Department of Medicine, University of Pennsylvania, Philadelphia, PA 19104, USA.
J Natl Cancer Inst. 2012 Sep 19;104(18):1411-21. doi: 10.1093/jnci/djs328. Epub 2012 Aug 9.
The use of pioglitazone, a thiazolidinedione (TZD), may increase the risk of bladder cancer in patients with type 2 diabetes. In this study, we assessed the risk of bladder cancer associated with the use of TZDs and between pioglitazone and rosiglitazone, an alternative TZD.
We conducted a retrospective cohort study of patients with type 2 diabetes mellitus who initiated treatment with a TZD (n = 18 459 patients) or a sulfonylurea (SU) (n = 41 396 patients) between July 1, 2000, and August 31, 2010, using The Health Improvement Network database in the United Kingdom. Incident cancers were identified for 196 708 person-years of follow-up. Cox proportional hazards regression models were used to estimate hazard ratios (HRs) and 95% confidence intervals (CIs) for risk of bladder cancer in the TZD cohort compared with the SU cohort (referent), adjusted for potential confounders. Risk associated with increasing duration of drug exposure was also examined. All statistical tests were two-sided.
We identified 60 incident bladder cancers in the TZD cohort and 137 cancers in the SU cohort. No difference in bladder cancer risk was found between the two cohorts (TZD vs SU, HR = 0.93, 95% CI = 0.68 to 1.29) in analyses that did not account for duration of exposure. However, the risk of bladder cancer was increased among patients with the longest duration of TZD vs SU therapy (≥ 5 years of use, HR = 3.25, 95% CI = 1.08 to 9.71) and among those with the longest time since initiation of therapy (≥ 5 years since first use, HR = 2.53, 95% CI = 1.12 to 5.77). Risk of bladder cancer also increased with increasing time since initiation of pioglitazone (P (trend) < .001) and rosiglitazone (P (trend) = .006).
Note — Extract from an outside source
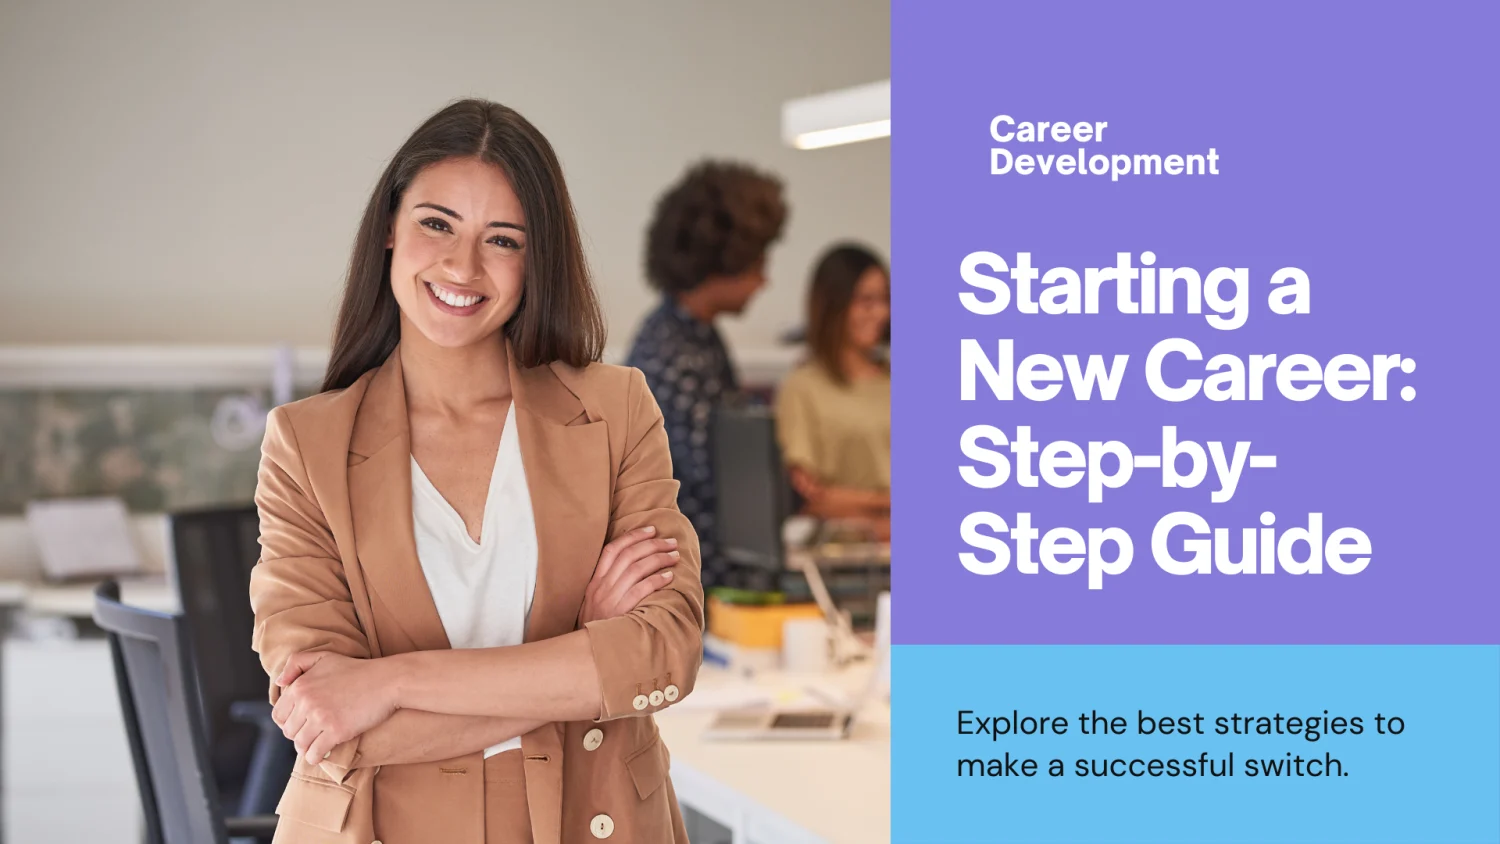  How to Start a New Career in 2023 - Step-by-Step Guide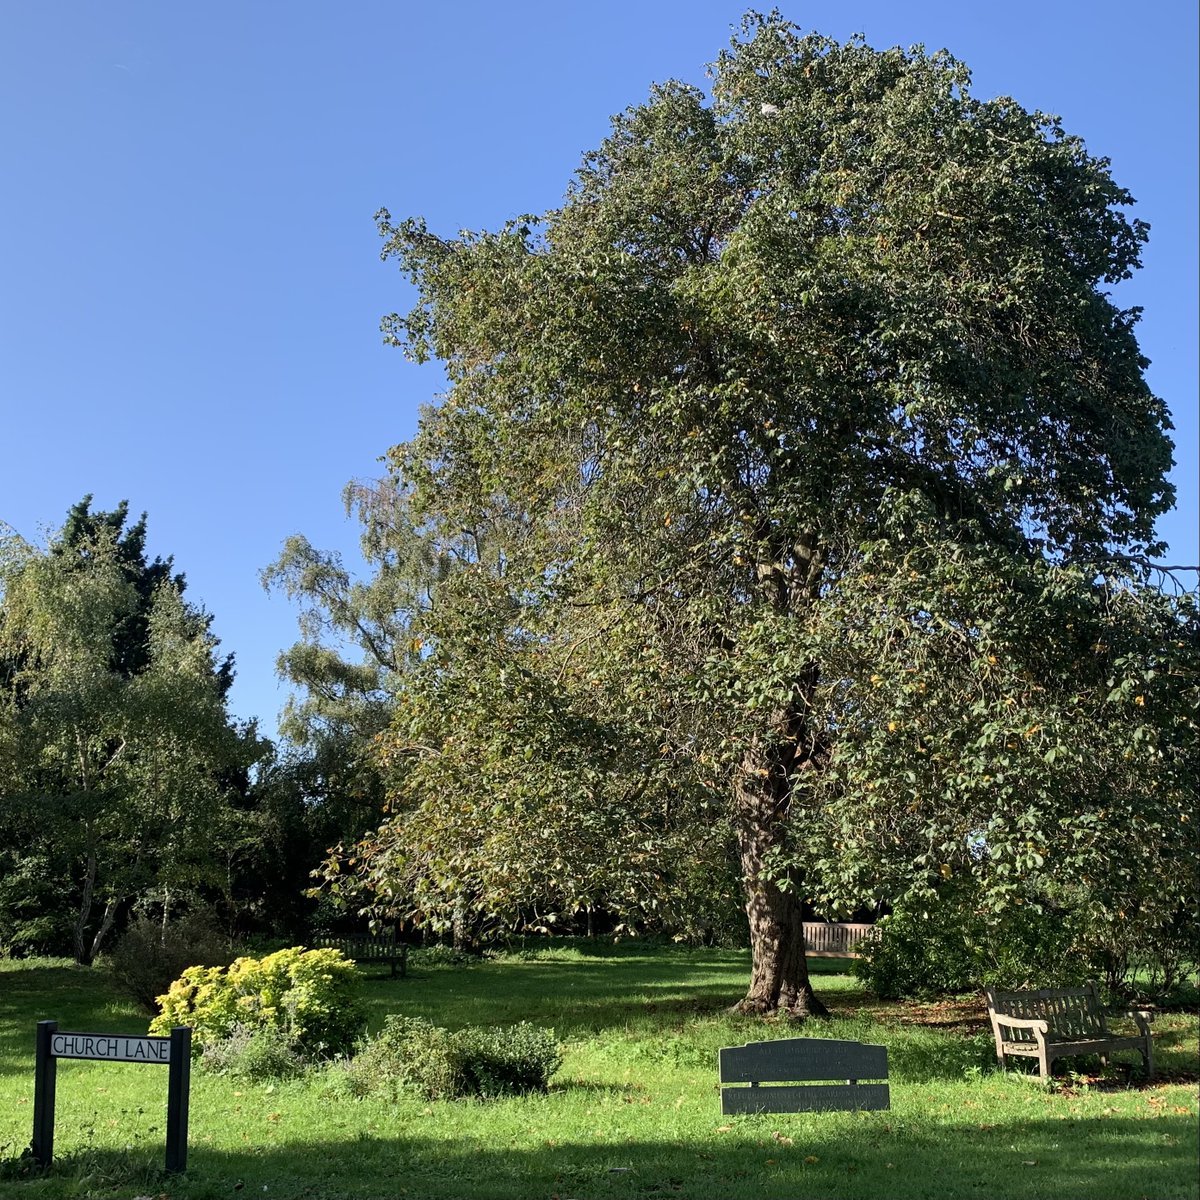 Come along on Saturday 4th May, 2-4 pm to the Alice Hibbert-Ware Memorial Garden. The garden will be formally re-opened by Dr Juliet Vickery, CEO of the British Trust for Ornithology. There will be tours, ice cream, coffee and more! Timetable to follow soon.

Comparison of pioglitazone to rosiglitazone use did not demonstrate difference in cancer risk (P = .49).
Long-term TZD therapy (≥ 5 years) in patients with type 2 diabetes may be associated with an increased risk of bladder cancer, which may be common to all TZDs.
噻唑烷二酮类(TZD)吡格列酮的使用可能会增加 2 型糖尿病患者患膀胱癌的风险。在这项研究中,我们评估了使用 TZD 与使用吡格列酮和另一种 TZD 罗格列酮相关的膀胱癌风险。
我们使用英国医疗改进网络数据库,对 2000 年 7 月 1 日至 2010 年 8 月 31 日期间开始使用 TZD(n = 18459 例患者)或磺酰脲类药物(SU)(n = 41396 例患者)治疗的 2 型糖尿病患者进行了回顾性队列研究。对 196708 人年的随访进行了癌症发病情况的评估。使用 Cox 比例风险回归模型,比较了 TZD 队列与 SU 队列(参照)的膀胱癌风险,调整了潜在混杂因素。还检查了与药物暴露时间增加相关的风险。所有统计检验均为双侧检验。
我们在 TZD 队列中发现了 60 例膀胱癌,在 SU 队列中发现了 137 例膀胱癌。在未考虑暴露时间的分析中,两个队列之间的膀胱癌风险没有差异(TZD 与 SU,HR = 0.93,95%CI = 0.68 至 1.29)。然而,在 TZD 与 SU 治疗时间最长(≥ 5 年)的患者中(HR = 3.25,95%CI = 1.08 至 9.71)和治疗开始后时间最长(≥ 5 年)的患者中(HR = 2.53,95%CI = 1.12 至 5.77),膀胱癌的风险增加。膀胱癌风险也随着吡格列酮(P(趋势)<.001)和罗格列酮(P(趋势)=.006)起始时间的增加而增加。比较吡格列酮与罗格列酮的使用,并未发现癌症风险存在差异(P =.49)。
2 型糖尿病患者长期(≥ 5 年)使用 TZD 治疗可能与膀胱癌风险增加有关,这种风险可能与所有 TZD 相关。